■ **EXERCISE**
Reprint the lines below as they are, minus the pictures.

-- AVAILABLE DATA follows --

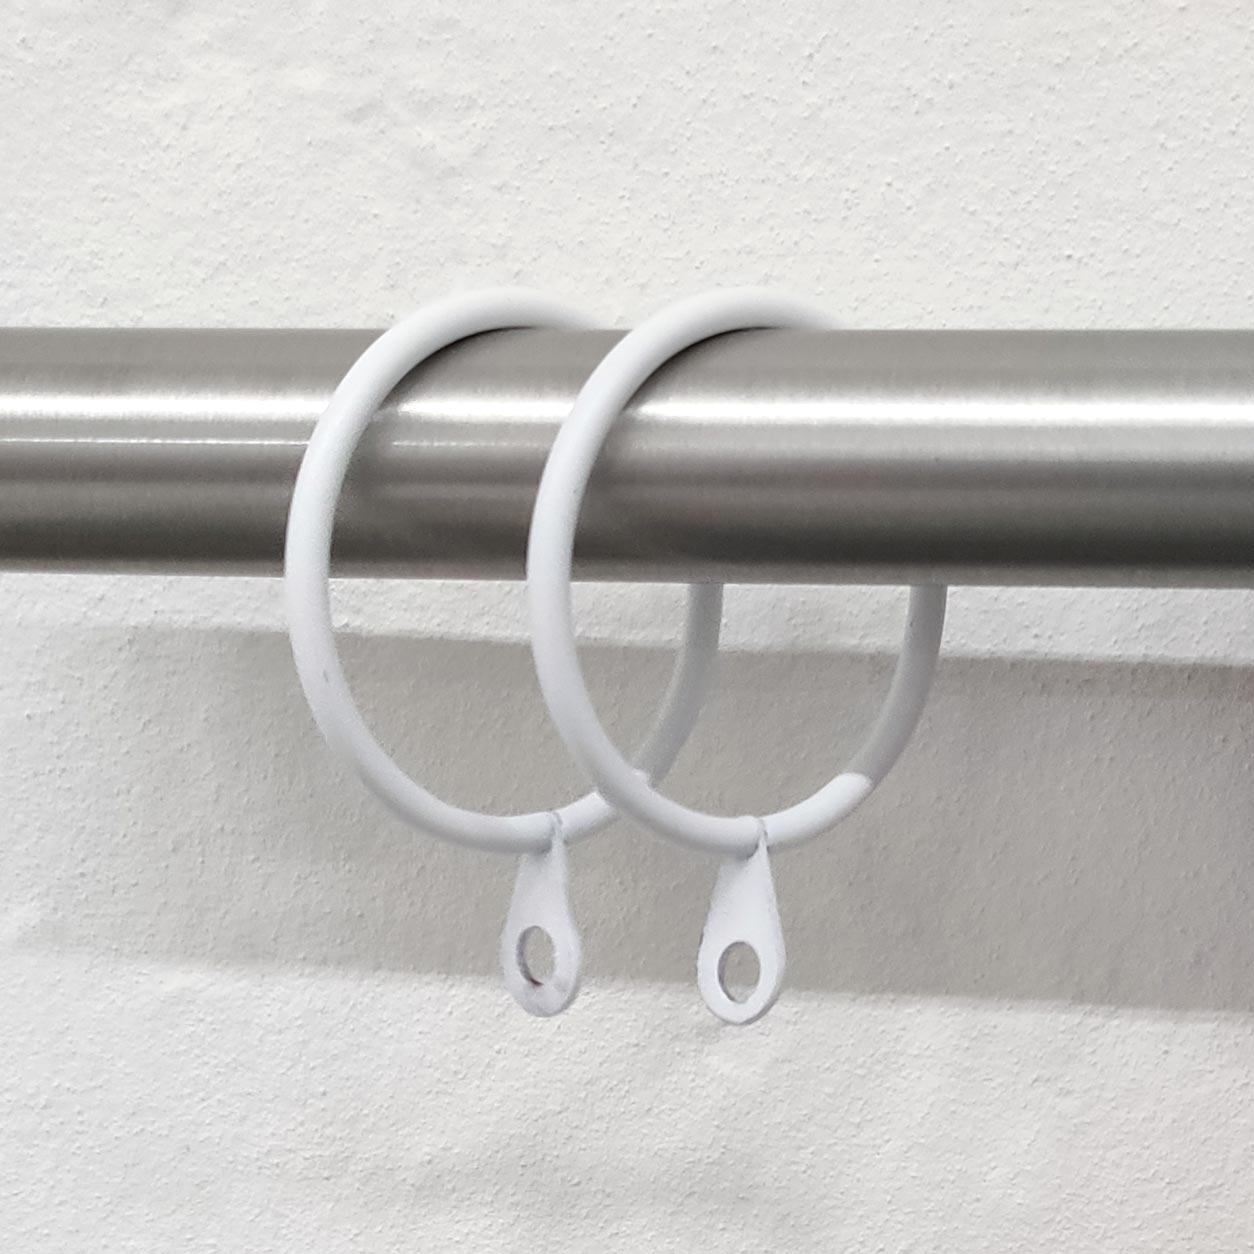 Anelli per Bastoni Diametro 36 mm - Bianco Opaco - 10 pz
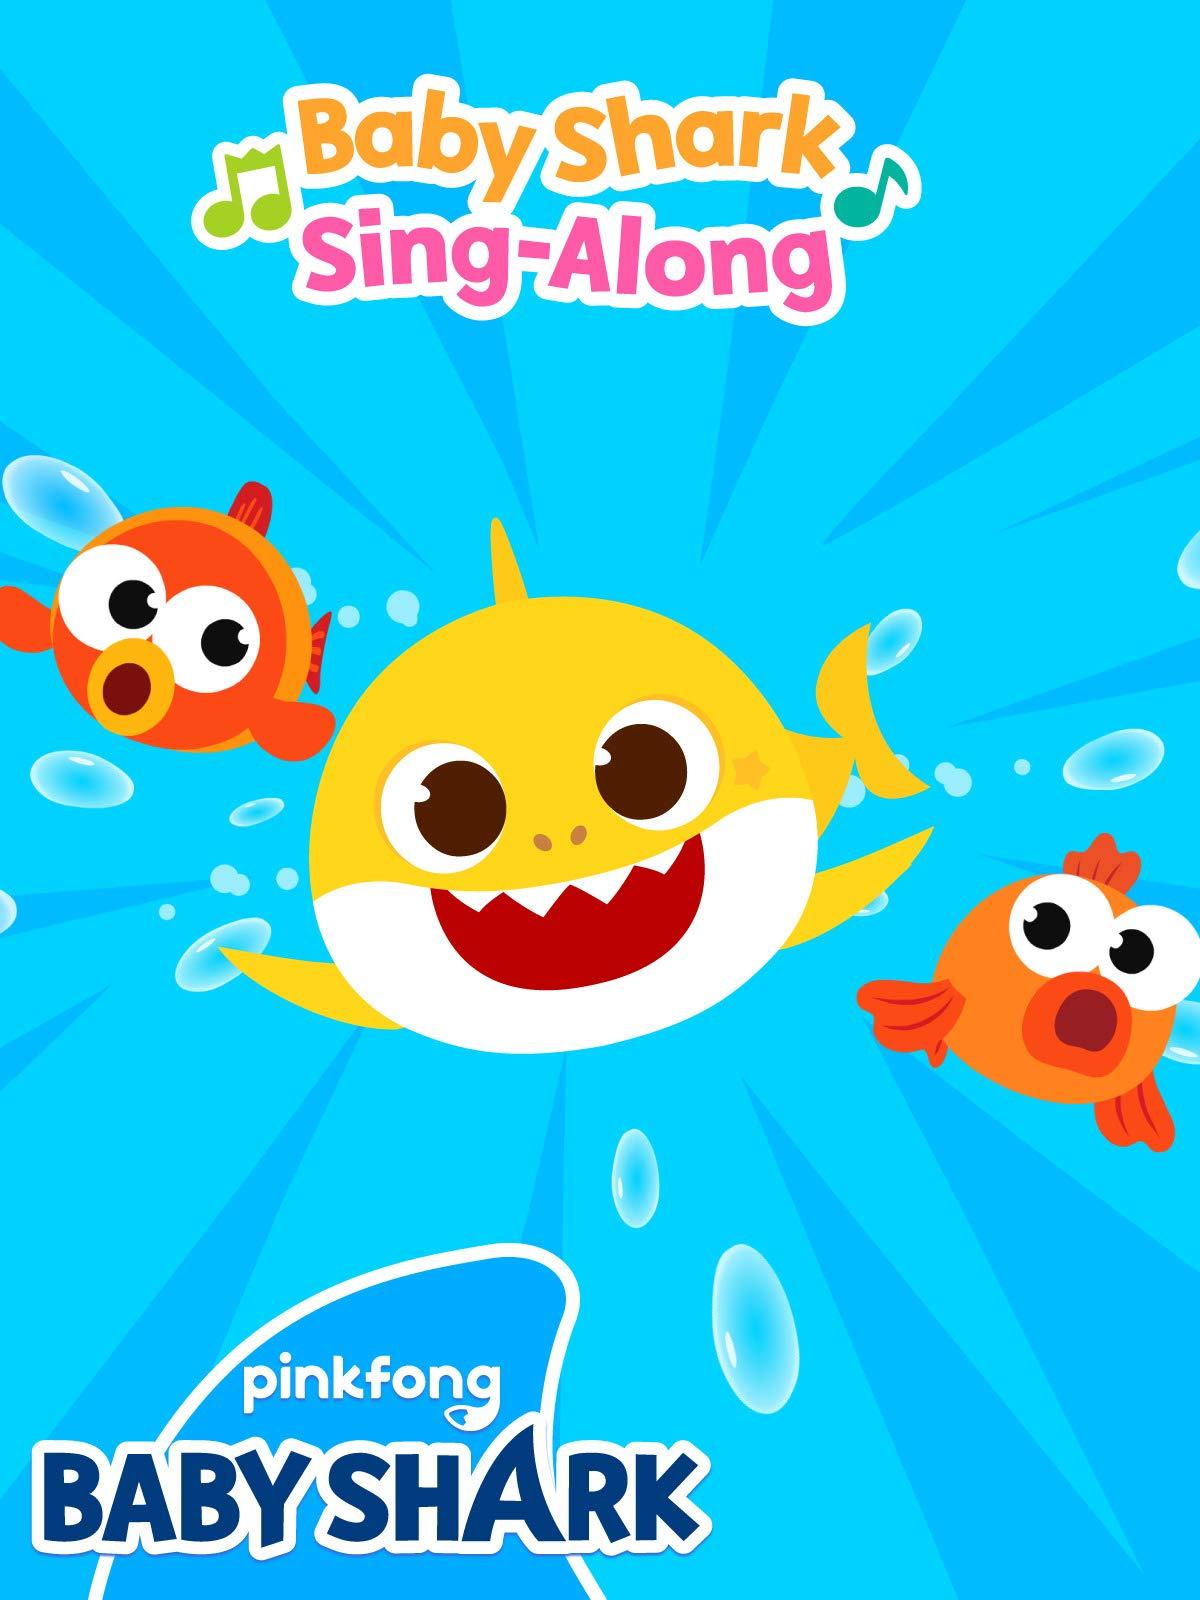 Pinkfong! Baby Shark Sing-Along
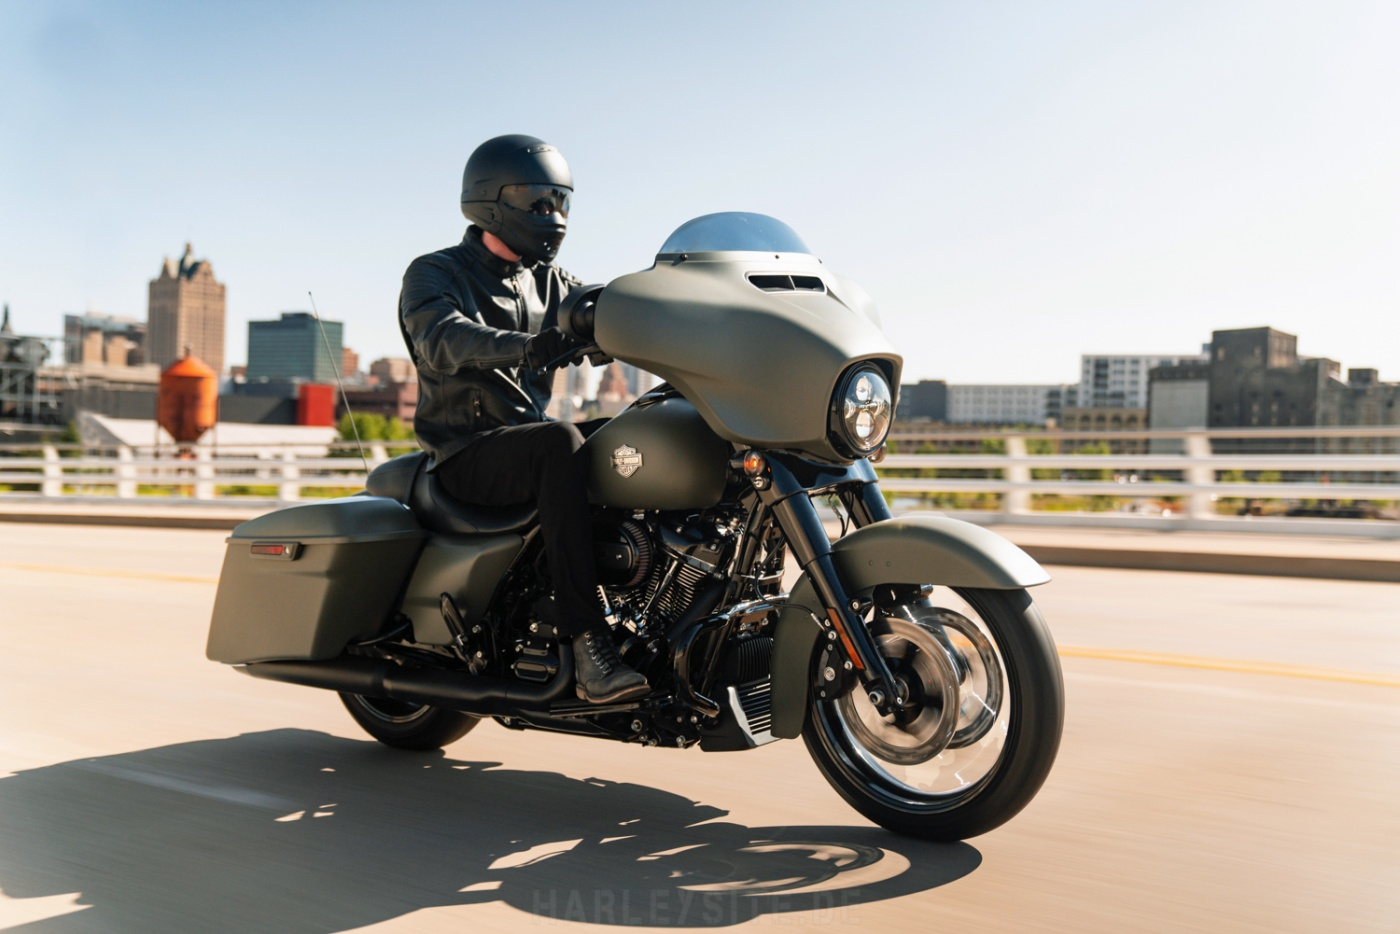 LED Daymaker Scheinwerfer - Harley-Davidson Street Glide Special 2021

-- AVAILABLE DATA concluded --

■ **OUTPUT**
 Anelli per Bastoni Diametro 36 mm - Bianco Opaco - 10 pz
 Pinkfong! Baby Shark Sing-Along
 LED Daymaker Scheinwerfer - Harley-Davidson Street Glide Special 2021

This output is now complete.